Millions of Dollars in SBA Debts Resolved via Offer in Compromise and Negotiated Repayment Agreements without our Clients filing for Bankruptcy or Facing Home Foreclosure
Millions of Dollars in Treasury Debts Defended Against via AWG Hearings, Treasury Offset Program Resolution, Cross-servicing Disputes, Private Collection Agency Representation, Compromise Offers and Negotiated Repayment Agreements
Our Attorneys are Authorized by the Agency Practice Act to Represent Federal Debtors Nationwide before the SBA, The SBA Office of Hearings and Appeals, the Treasury Department, and the Bureau of Fiscal Service.
Clients personally guaranteed an SBA 504 loan balance of $337,000. The Third Party Lender had obtained a Judgment against the clients. We represented clients before the SBA and negotiated an SBA OIC that was accepted for $30,000.

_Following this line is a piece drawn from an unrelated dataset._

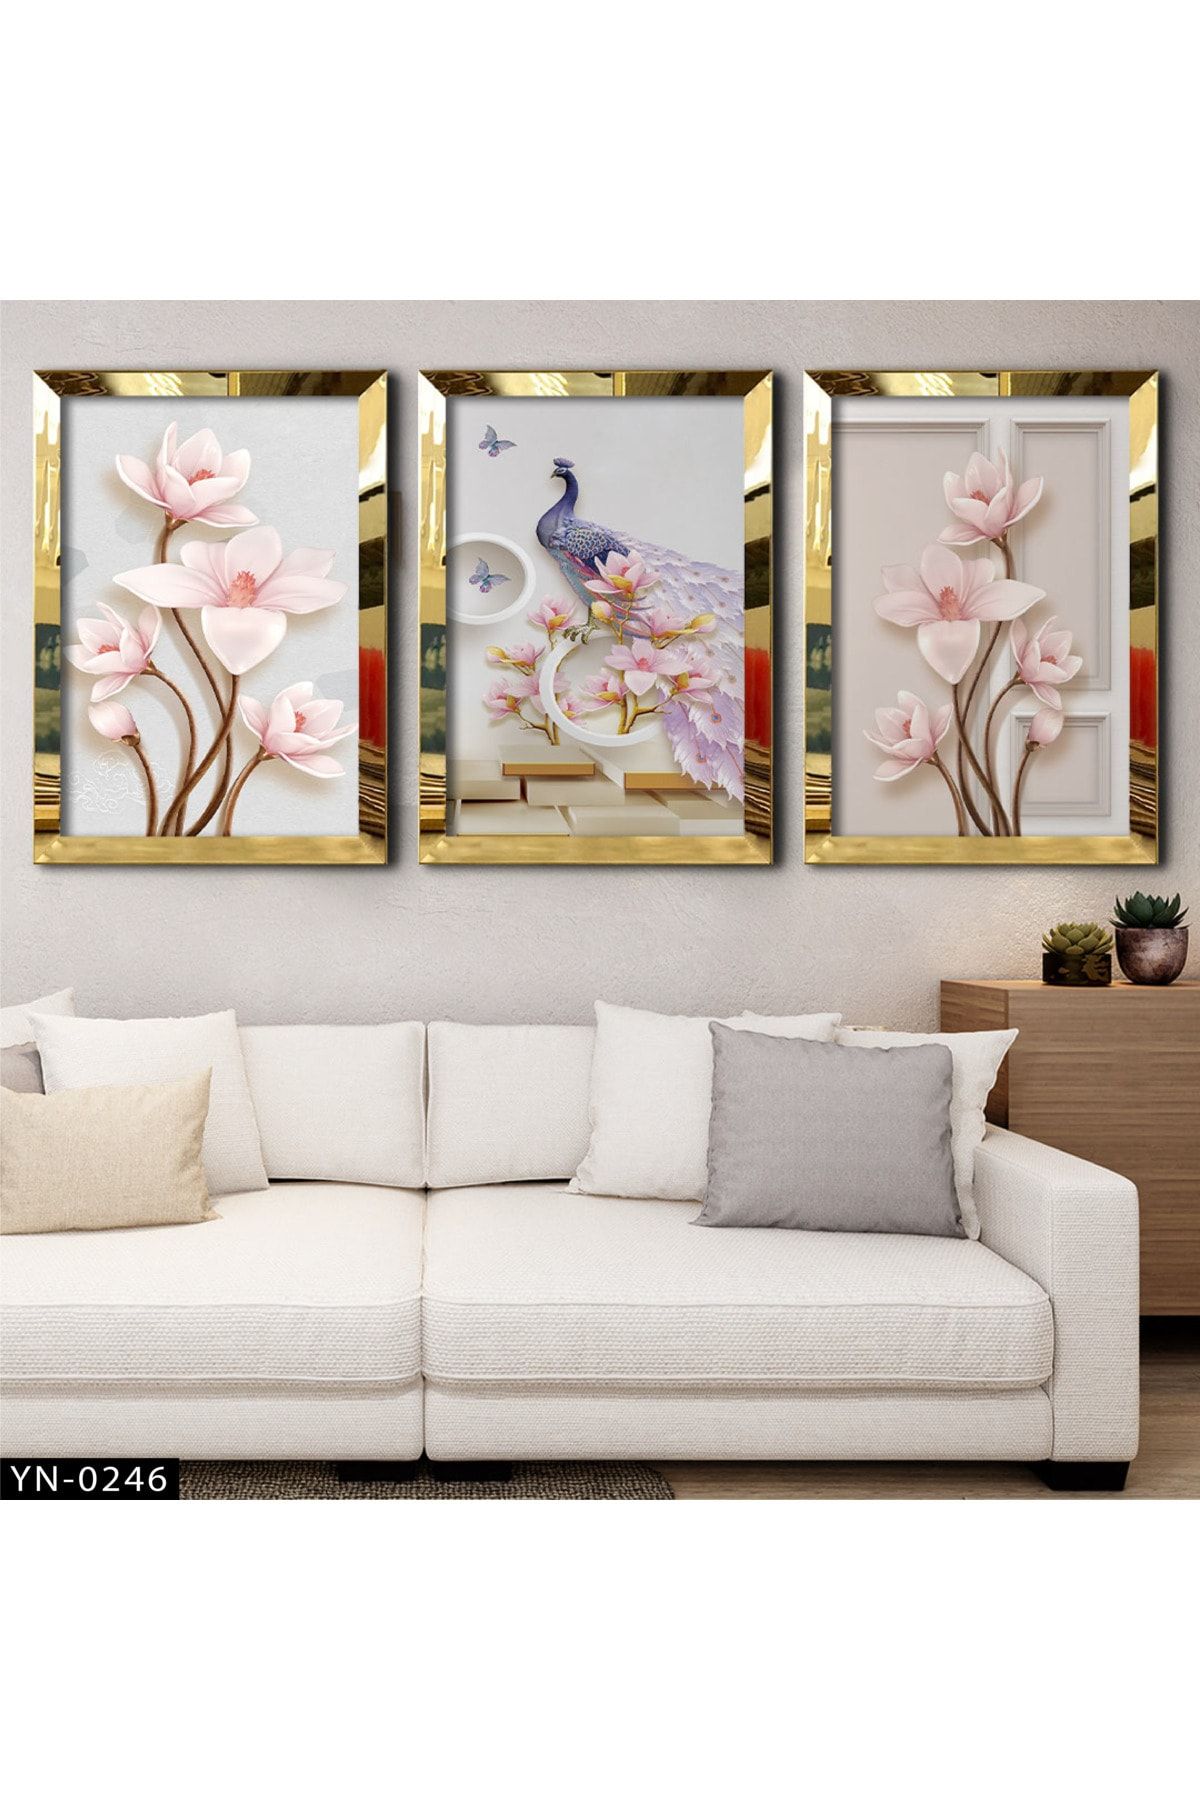 hanhomeart Üç Boyutlu Çiçekler - Tavus Kuşu - Gold Ayna Çerçeveli Tablo 3'lü Set-hyn-0246

Client’s small business obtained an SBA 7(a) loan for $750,000. She and her husband signed personal guarantees exposing all of their non-exempt income and assets. With just 18 months left on the maturity date and payment on the remaining balance, the Great Recession of 2008 hit, which ultimately caused the business to fail and default on the loan terms. The 7(a) lender accelerated and sent a demand for full payment of the remaining loan balance. The SBA lender’s note allowed for a default interest rate of about 7% per year. In response to the lender's aggressive collection action, Client's husband filed for Chapter 7 bankruptcy in an attempt to protect against their personal assets. However, his bankruptcy discharge did not relieve the Client's personal guarantee liability for the SBA debt. The SBA lender opted to pursue the SBA 7(a) Guaranty and subsequently assigned the loan and the right to enforce collection against the Client to the SBA. The Client then received the SBA Official 60-Day Notice. After conducting a Case Evaluation with her, she then hired the Firm to respond and negotiate on her behalf with just 34 days left before the impending referral to Treasury. The Client wanted to dispute the SBA’s alleged debt balance as stated in the 60-Day Notice by claiming the 7(a) lender failed to liquidate business collateral in a commercially reasonable manner - which if done properly - proceeds would have paid back the entire debt balance. However, due to time constraints, waivers contained in the SBA loan instruments, including the fact the Client was not able to inspect the SBA's records for investigation purposes before the remaining deadline, Client agreed to submit a Structured Workout for the alleged balance in response to the Official 60-Day Notice as she was not eligible for an Offer in Compromise (OIC) because of equity in non-exempt income and assets. After back and forth negotiations, the SBA Loan Specialist approved the Workout proposal, reducing the Client's purported liability by nearly $142,142.27 in accrued interest, and statutory collection fees. Without the Firm's intervention and subsequent approval of the Workout proposal, the Client's debt amount (with accrued interest, Treasury's statutory collection fee and Treasury's interest based on the Current Value of Funds Rate (CVFR) would have been nearly $291,030.
Client personally guaranteed SBA 7(a) loan for $150,000. COVID-19 caused the business to fail, and the loan went into default with a balance of $133,000. Client initially hired a non-attorney consultant to negotiate an OIC. The SBA summarily rejected the ineligible OIC and the debt was referred to Treasury’s ureau of Fiscal Service for enforced collection in the debt amount of $195,000. We were hired to intervene and initiated discovery for SBA and Fiscal Service records. We were able to recall the case from Fiscal Service back to the SBA. We then negotiated a structured workout with favorable terms that saves the client approximately $198,000 over the agreed-upon workout term by waiving contractual and statutory administrative fees, collection costs, penalties, and interest.